First things first, you need a National Parks Pass for this trail.  You can purchase one online or at places like REI.  You can also pay for a day pass at the trail head. 

The Carbon River Trail used to be a road.  So, this means that the hike is probably one of the easiest trails you’ll do.  The elevation gain is only about 600 feet and the round trip from trail head to Ipsut Creek Campgrounds and back is 10 miles.  The trail is well maintained, but there are a few areas where the Carbon River has washed over the trail. 

There are three sturdy bridges (two are wood, the last is concrete) and two log bridges (one is a log with one handrail and the other is a partially washed-out bridge patched with two logs and handrails.)  Along the trail you’ll mostly encounter other hikers, but there are the occasional jogger or bicyclist sharing the trail with you.  There’s plenty of room for each to get to one side and keep out of each other’s way.

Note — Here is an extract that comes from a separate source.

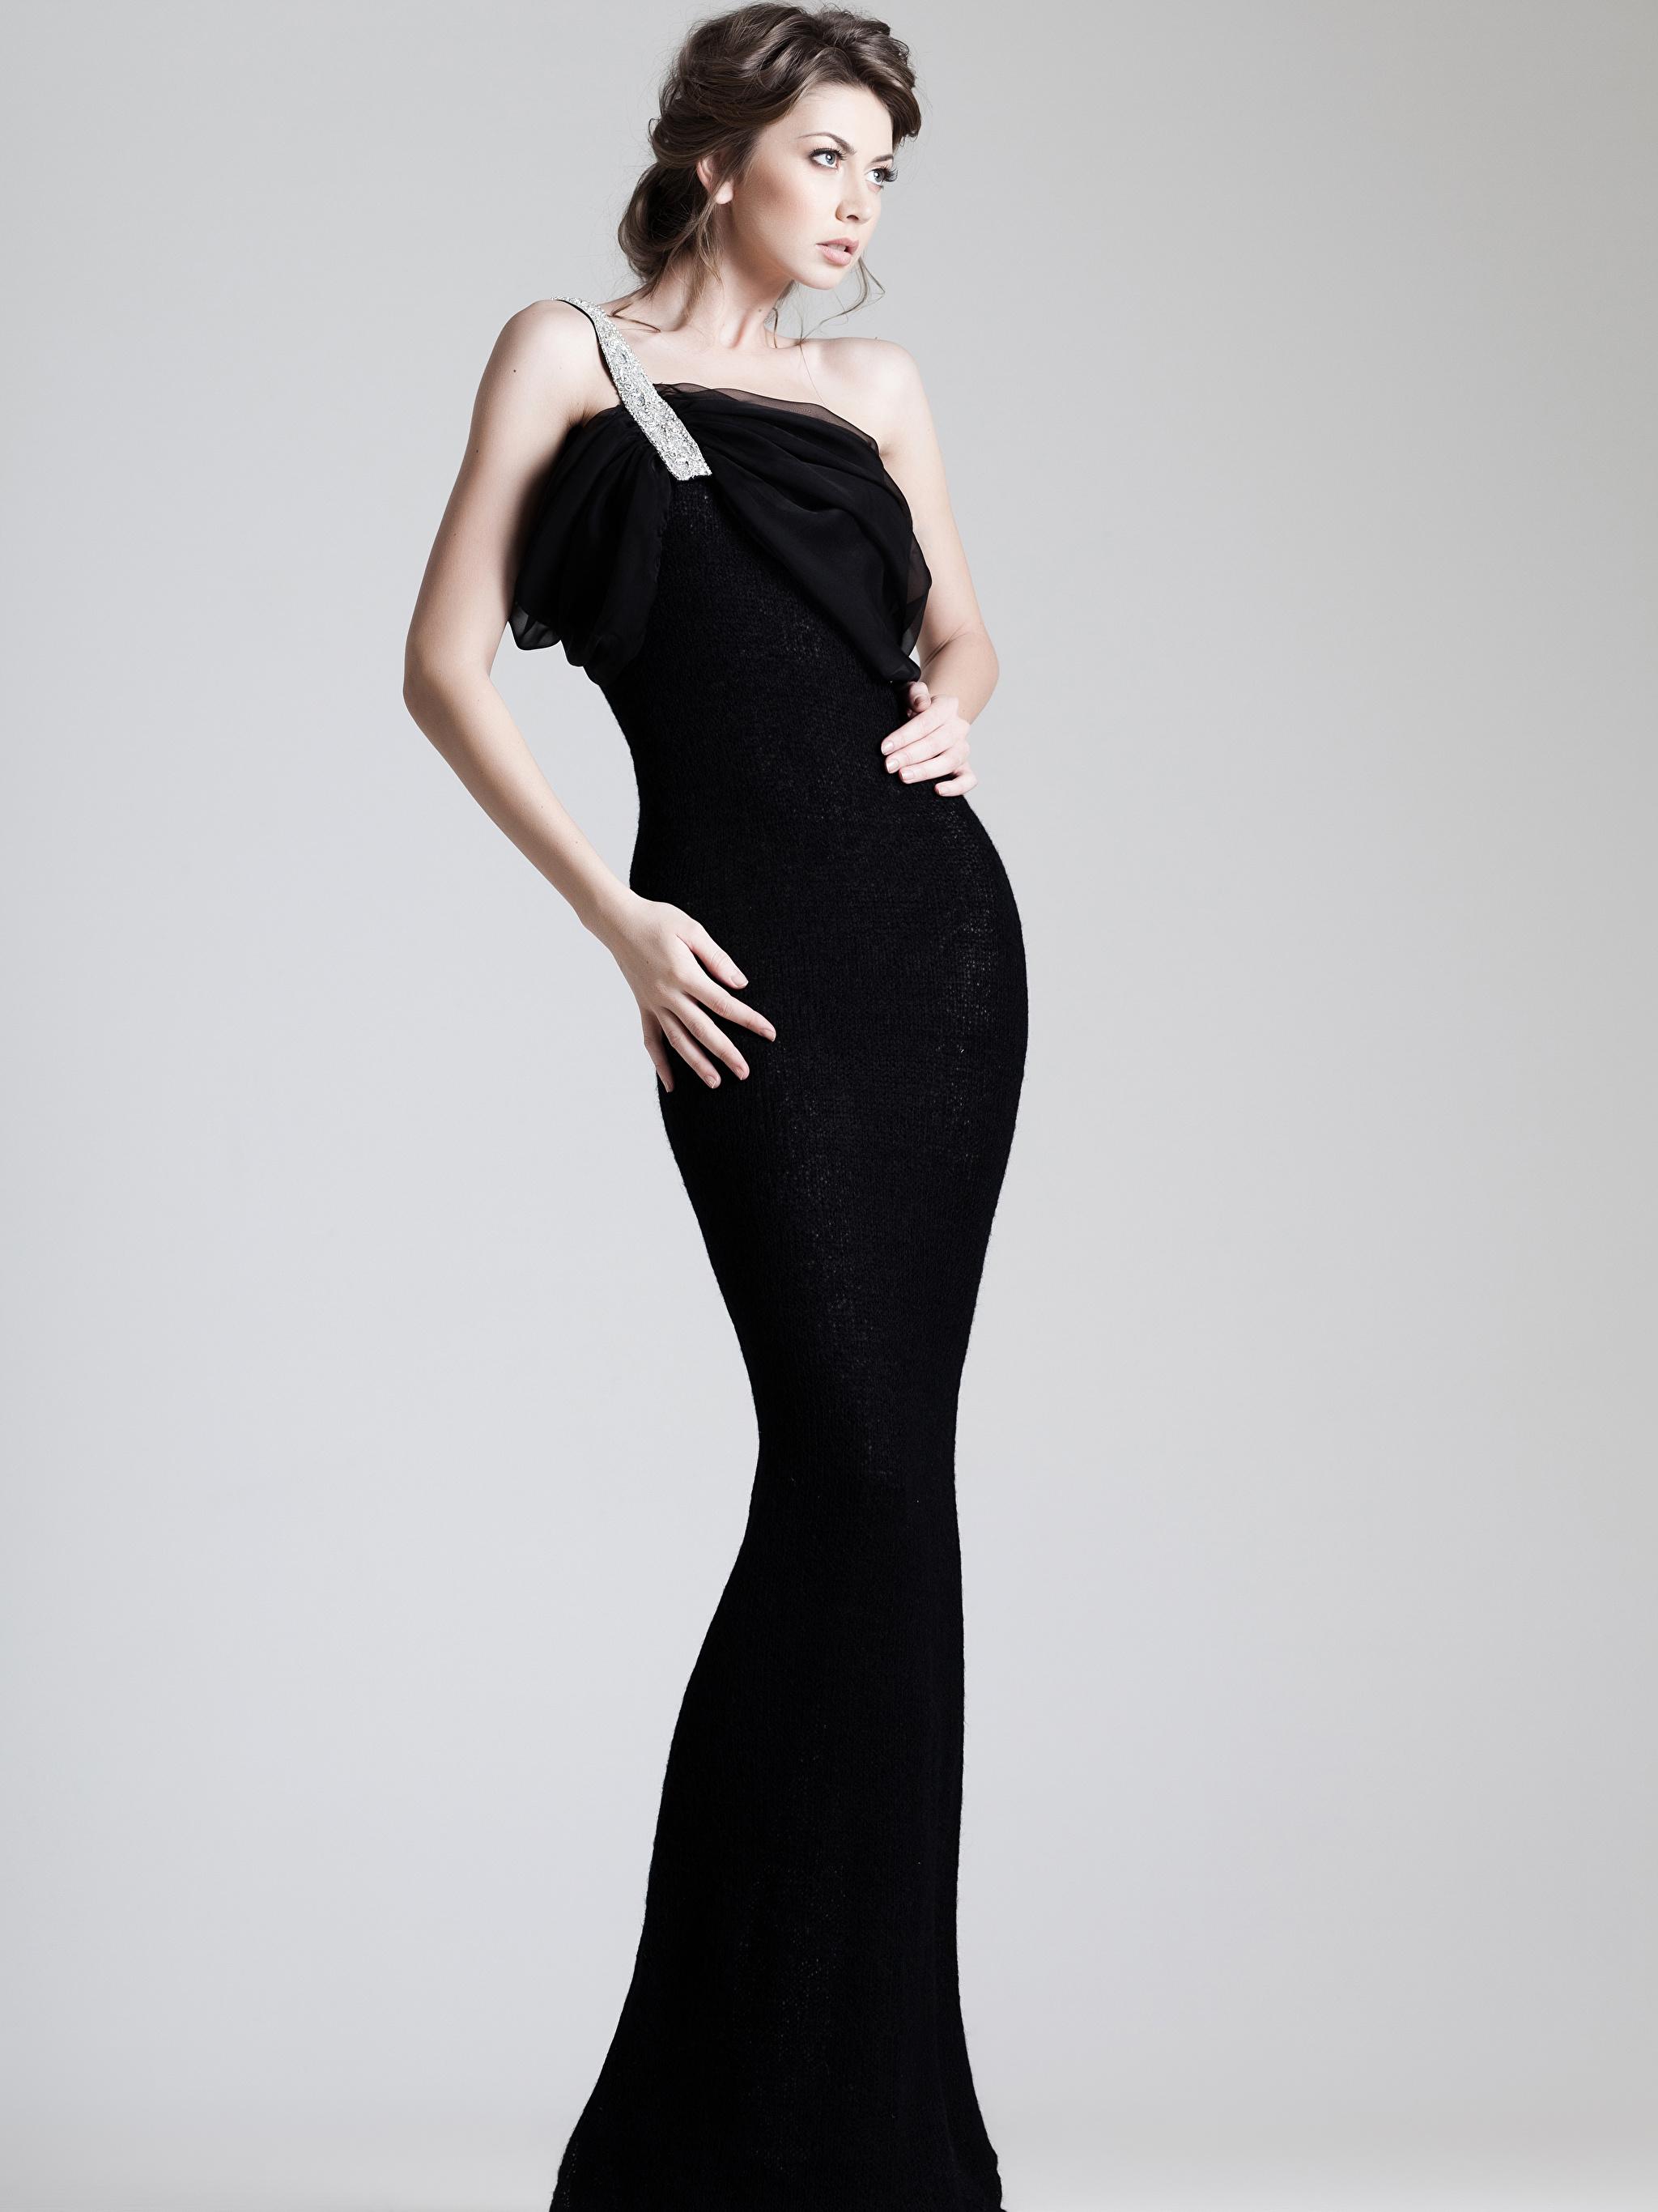 Foto Braune Haare Mädchens Grauer Hintergrund Kleid 2048x2732 Braunhaarige

At the start of the trail there’s a couple of well-maintained bathrooms and at the Ipsut Creek Campground there are two more toilets and a cabin, (more on the cabin later).  Since there are several streams flowing into the Carbon River, you could get by in the summer with just two water bottles and a water filter.

What’s Along the Trail

The trees!  Most of the forest is second growth trees, meaning they’ve grown up in the last 100 years.  However, along the trail and further into the woods you’ll see some old growth trees measuring 20-30 feet in circumference.  These trees are 200-300 feet high and range in age from roughly 200 years to about 500 years depending on the species and growth rates. 

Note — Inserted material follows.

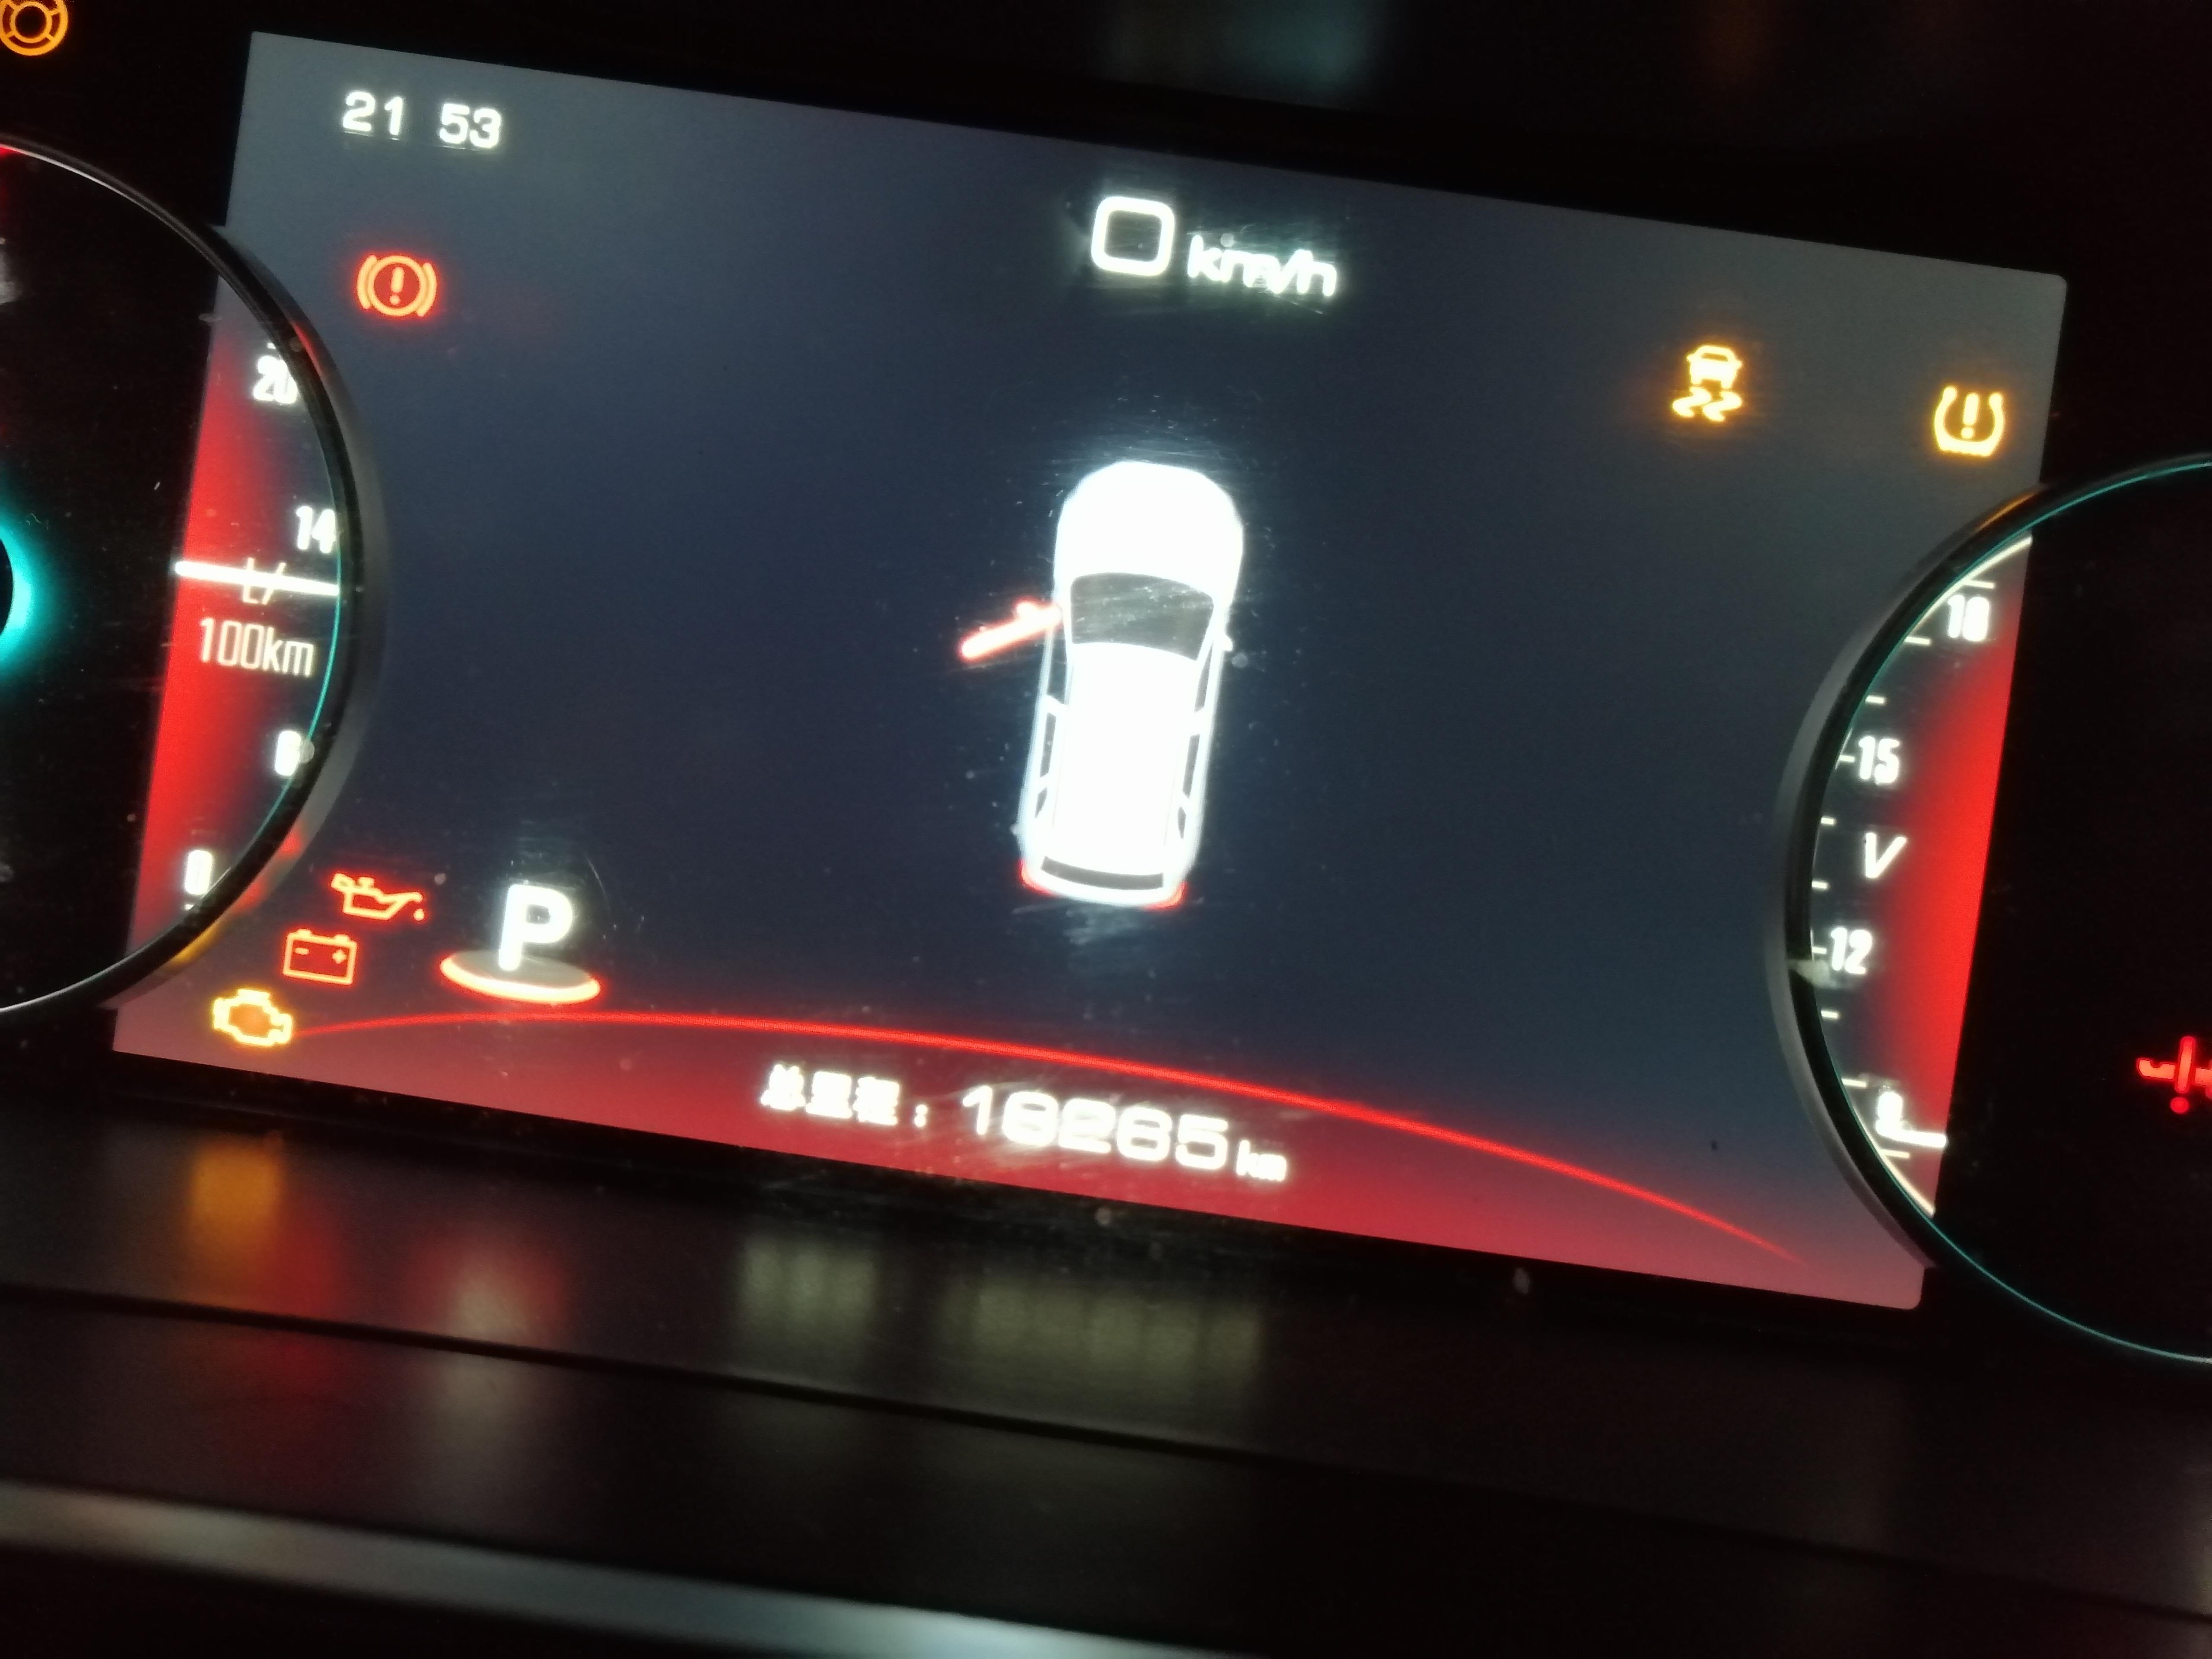 众泰-大迈x7 电瓶亏电严重,两天都没办法启动--汽车

It’s strongly recommended that you stay on the trail and not go tramping into the forest to check out the bigger trees.  This will cause damage to the local environment and can disturb the local fauna as they go about their business. Not to worry though, there’s plenty of old growth trees alongside the trail to admire.  You can check out my video ‘Hunting Old Growth Trees’ on Amputee Outdoors on YouTube to see them.

There’s a short side trail on the right as you go up the Carbon River trail which will take you to Green Lake.  I didn’t take this trail as I was running short on time, but it’s on the list for next time.

Ipsut Creek Campgrounds

The last bridge you cross is a concrete bridge and the last remnants of the original road that folks traveled up to the campground.  Since it was once a drive-in campground, there are bear boxes at several sites, some picnic tables, solar powered toilets, and fire pits. It is important to note that fires are prohibited, as it is now a backcountry site.  There were some trees blown down last winter so some of the campsites are occupied by those trees.

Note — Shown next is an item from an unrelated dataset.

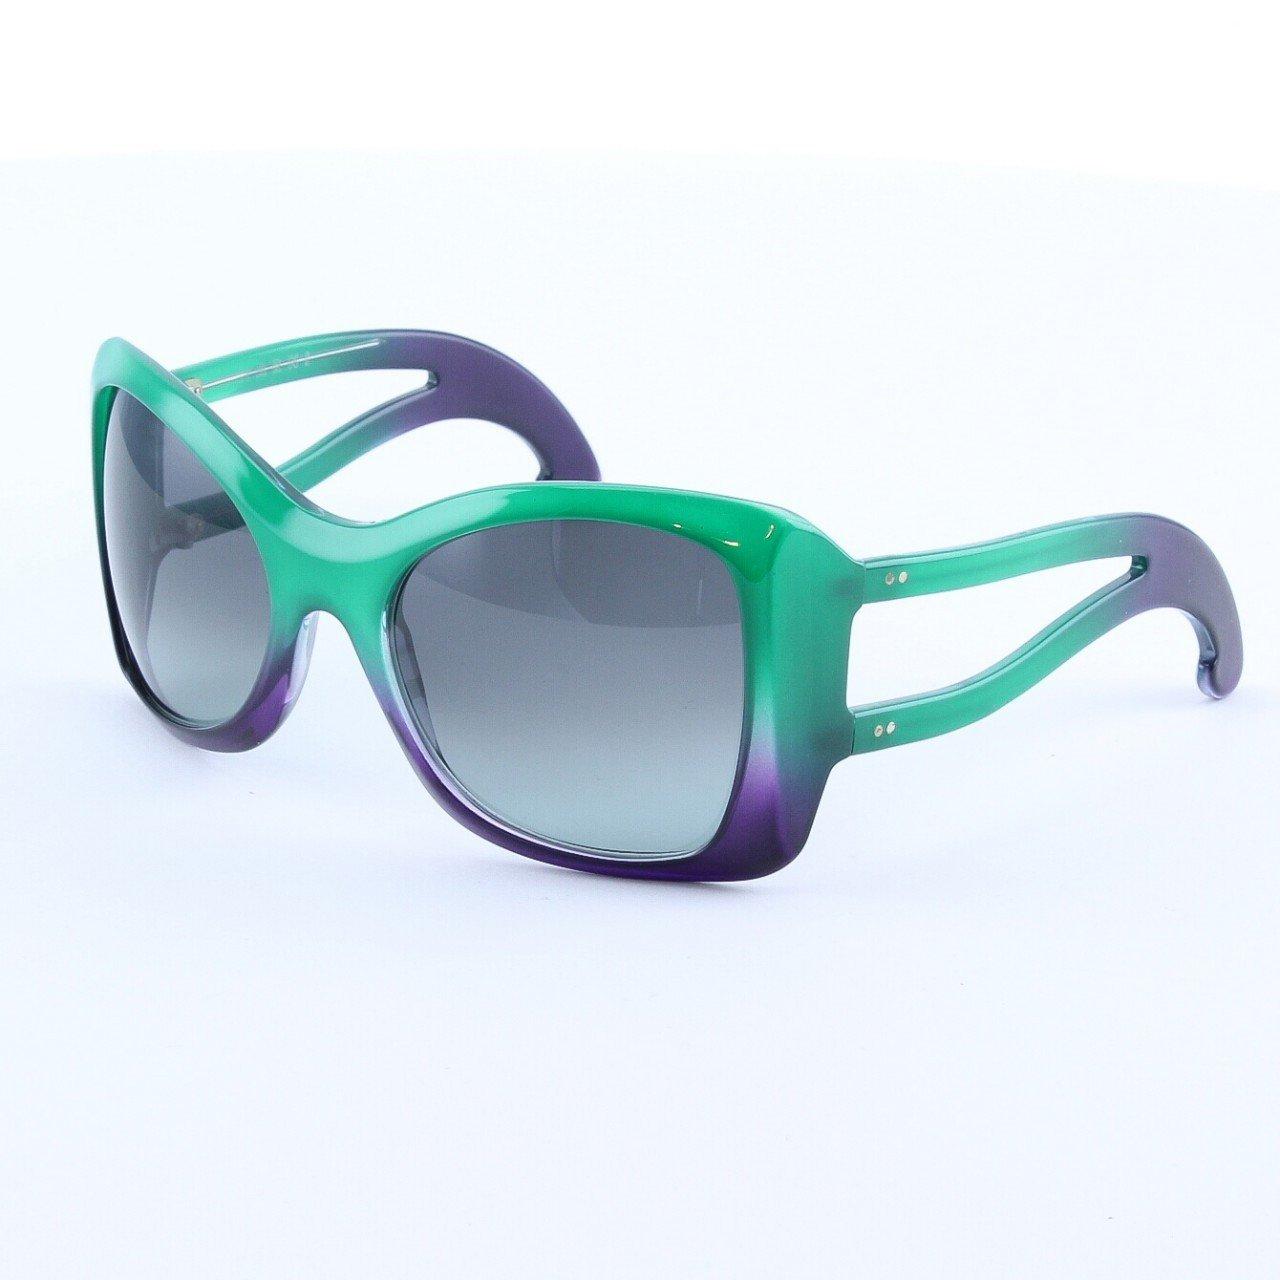 Marni MA150S Sunglasses Col. 04 Emerald Green Graduating to Purple with Gray Lenses

There are no reservations required for the campsites, meaning this is a first come, first serve campground.  If you’re a hammock camper the options seem limited at the campsites but if you walk up to the cabin past the toilets, there were a few trees that would work for you.

The cabin is locked down but around back there is a porch with a picnic table making it a good spot to get out of the rain and have lunch. 

From the campgrounds you can continue on to several destinations, however, you should check trail reports and ranger station reports regarding washouts, bridge closures and weather reports. 

This was a thoroughly enjoyable hike and if you’re looking for family friendly hike, this will suit you perfectly.